*TASK DETAILS*:
Only the lines below from the one containing "Youtube ya sustituye" through the last line should be set down, exactly as written and with no pictures.

*DATASET EXTRACT*:
══════════════════════════════

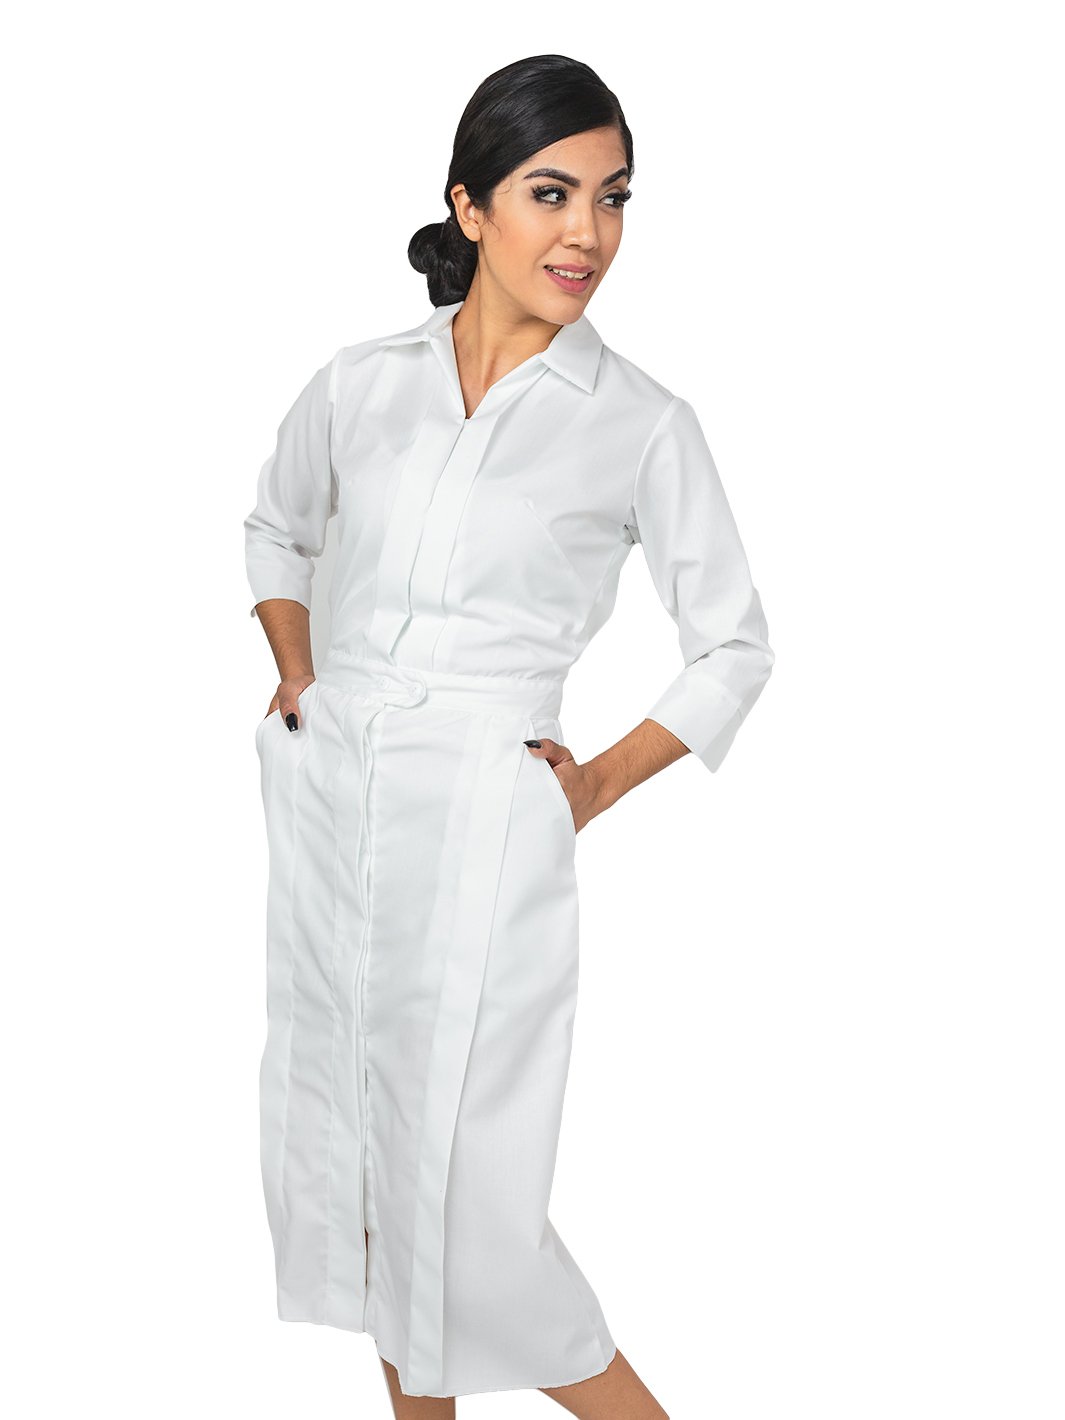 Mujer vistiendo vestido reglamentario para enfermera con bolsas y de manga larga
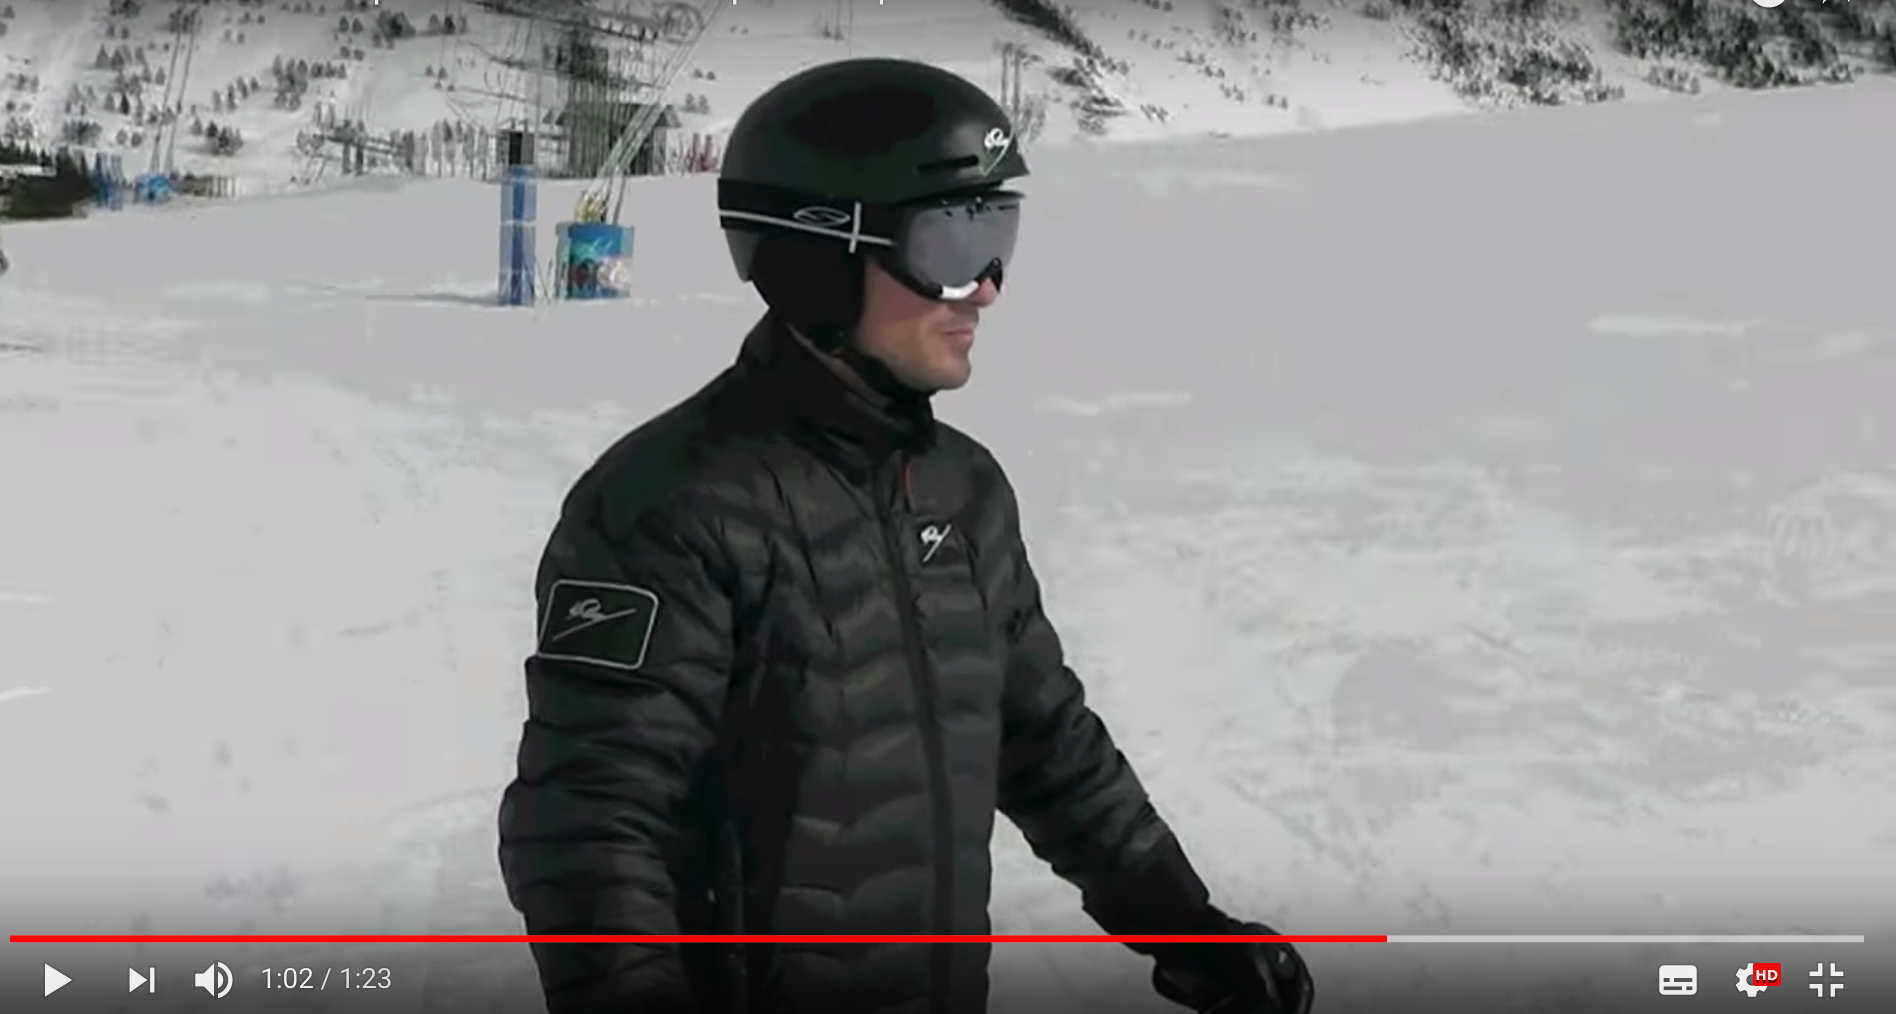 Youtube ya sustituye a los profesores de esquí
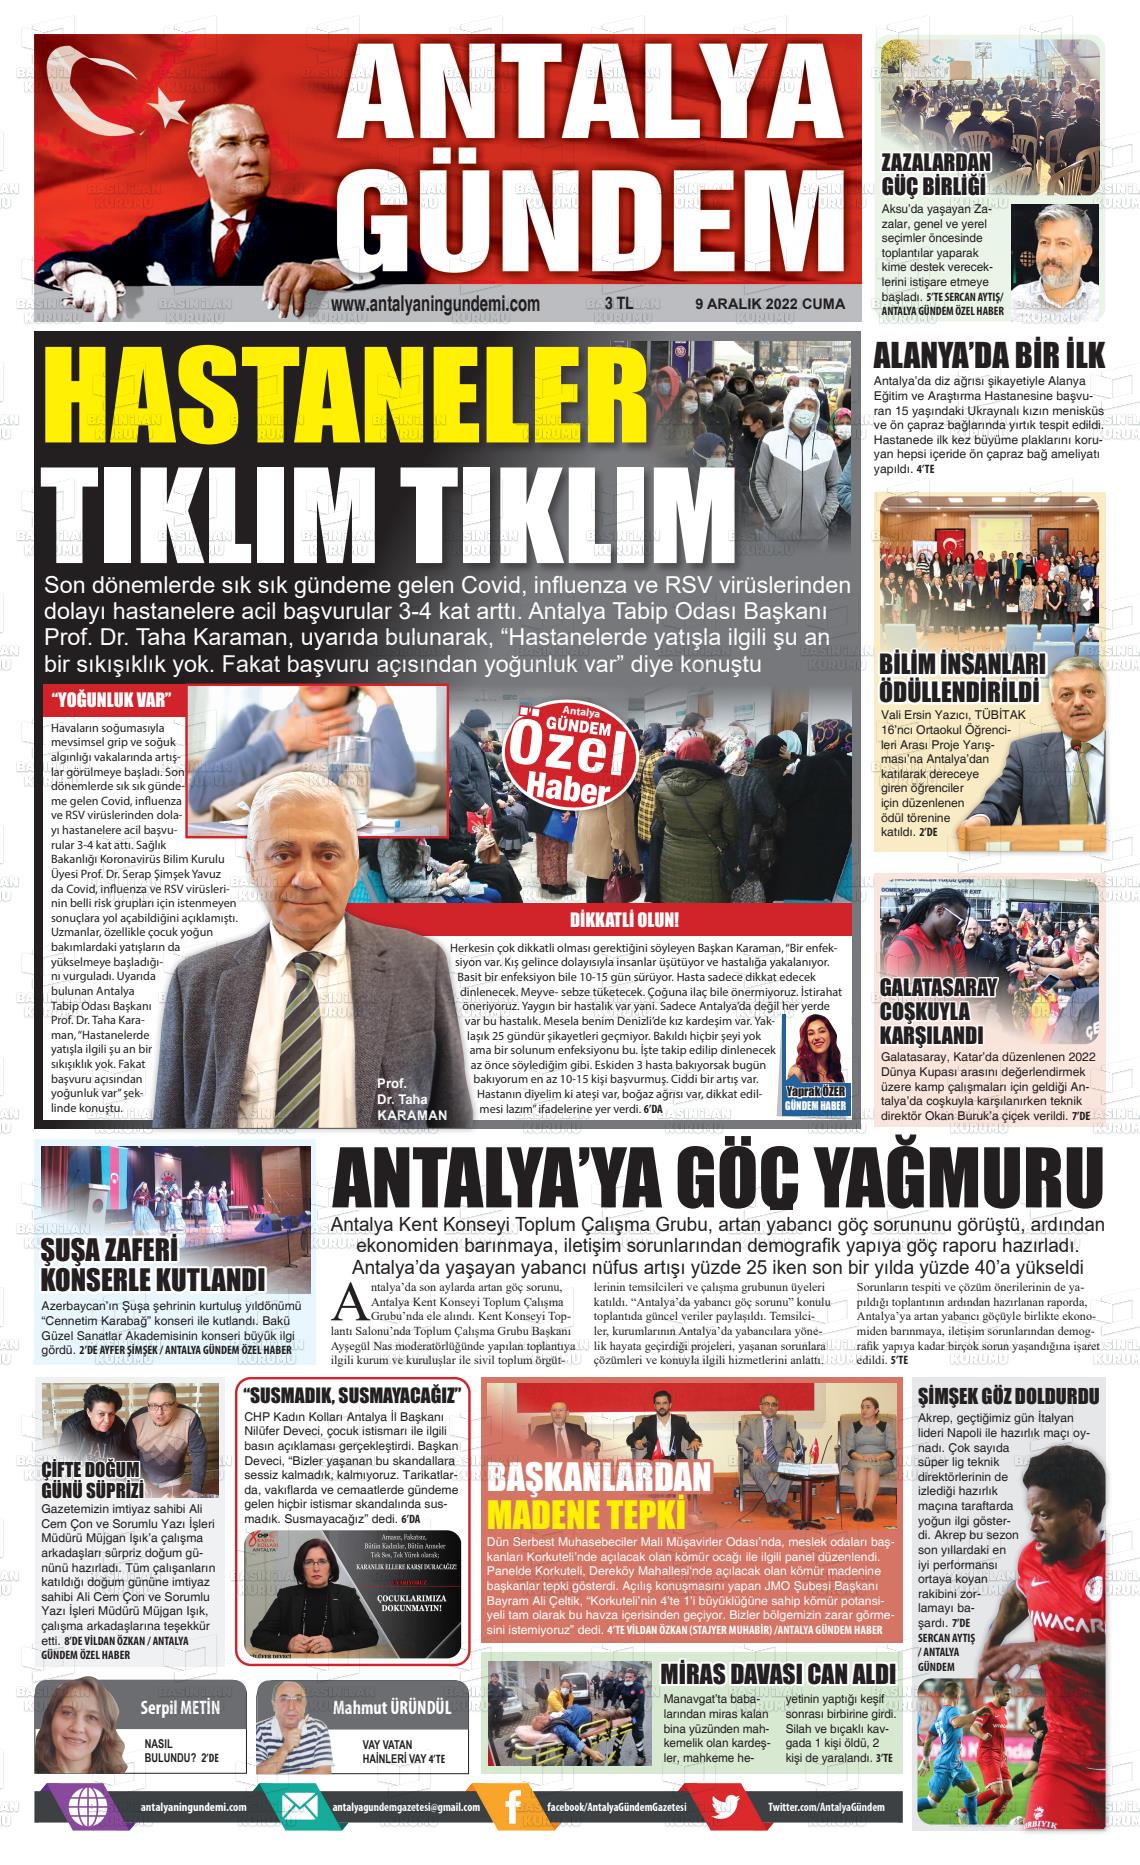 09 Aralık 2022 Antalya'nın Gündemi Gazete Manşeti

══════════════════════════════

*TASK RESPONSE*:
 Youtube ya sustituye a los profesores de esquí
 09 Aralık 2022 Antalya'nın Gündemi Gazete Manşeti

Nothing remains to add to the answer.